Attendees:
@DavidYesheNyima - Champion, Mr. Jake Moore @Ganga_Gyatso - Developer @Lhakpa_Wangyal - Coordinator
Date: September 09, 2025
Agenda:
- Transcript Progress
- Review Process Improvements
- Whisper Model & tokeniser Development
- Next Steps and future actions
Key Discussion Points
- Team discussed about completion of reviewing work for the benchmarking transcripts. It was also outlined that reviewing task for other audio files is in progress.

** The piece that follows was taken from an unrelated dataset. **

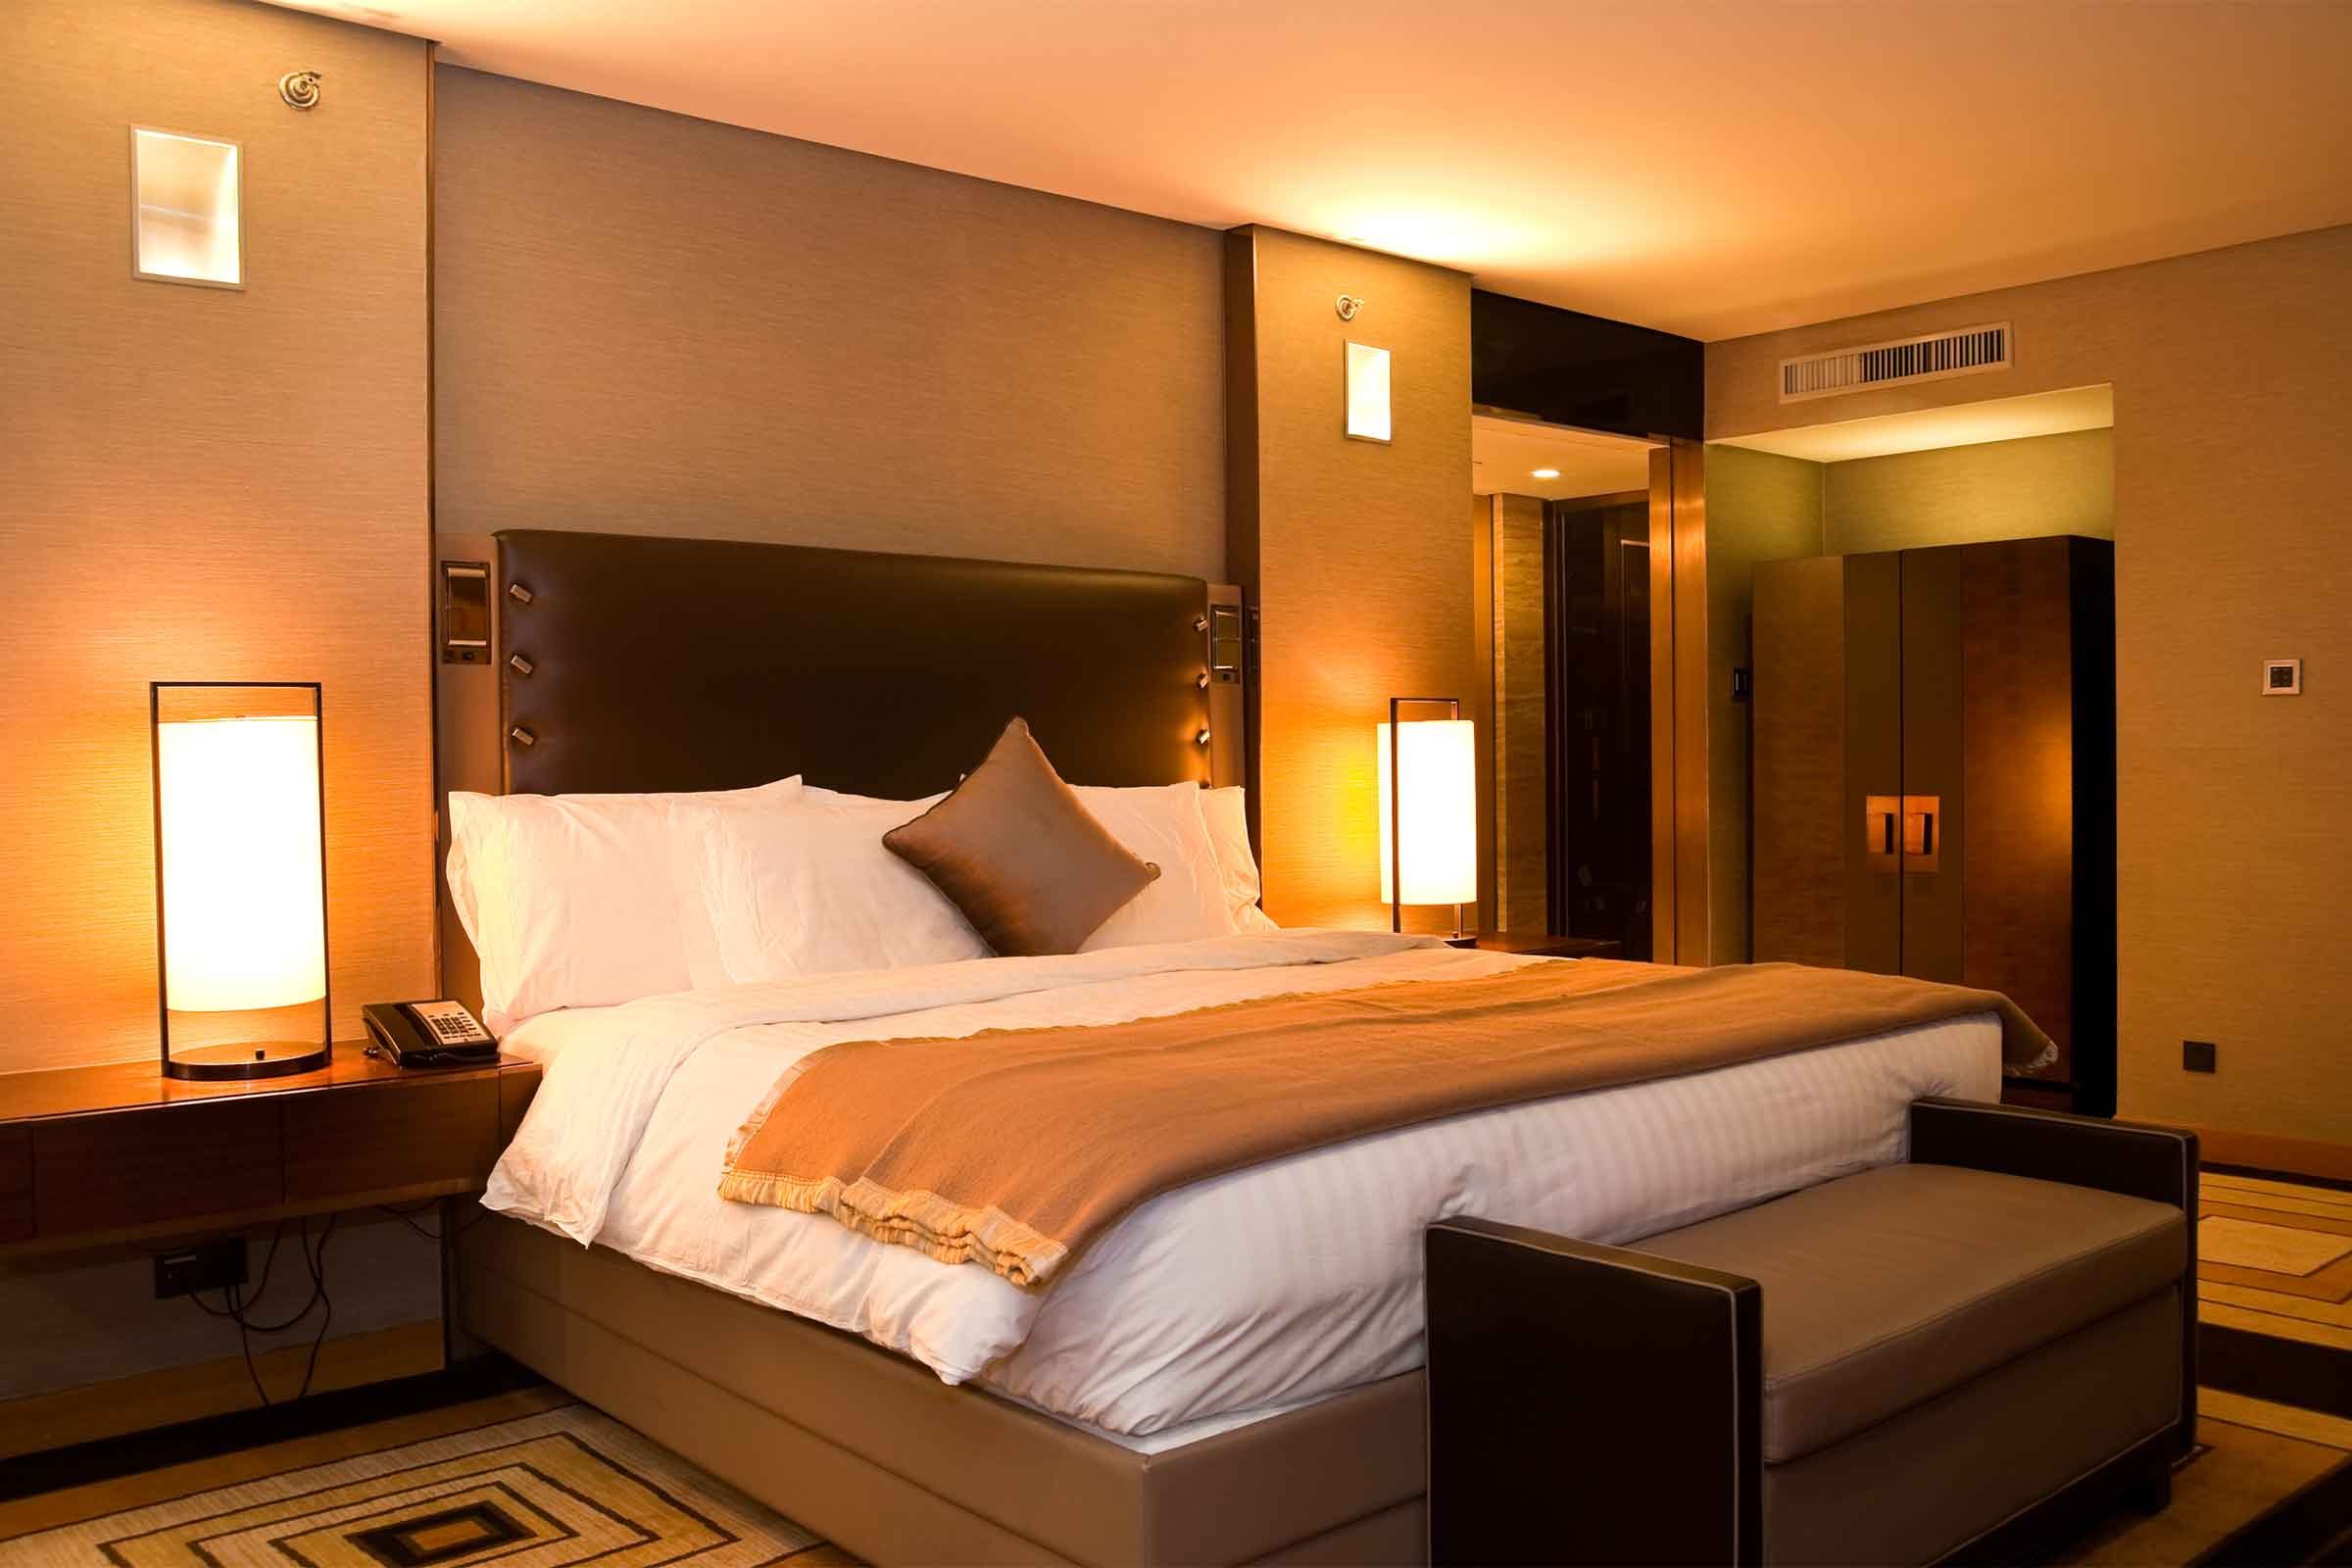 Copie estes 16 truques de decoração de quartos de hotel para tornar sua casa totalmente adorável

- On the basis of drawbacks of reflection of details about the work progress from the Pecha tool’s speech to text, team discussed about need to have dashboard or simply a spreadsheet showing status per file: transcribed, reviewed, trashed, and percentage completion. Mr. David Newman emphasised strongly that there is need to have a reporting in details showing percentages of finished transcripts and reviewed task. For that Mr. Ganga Gyatso demonstrated GitHub (cron job) based bar chart based weekly visual progress tracking report. He was requested to use distinct colours, avoiding red and green and need of daily update automation by sending E-mail or Discord notification). Additionally, it was suggested to have an easy download link for srt file.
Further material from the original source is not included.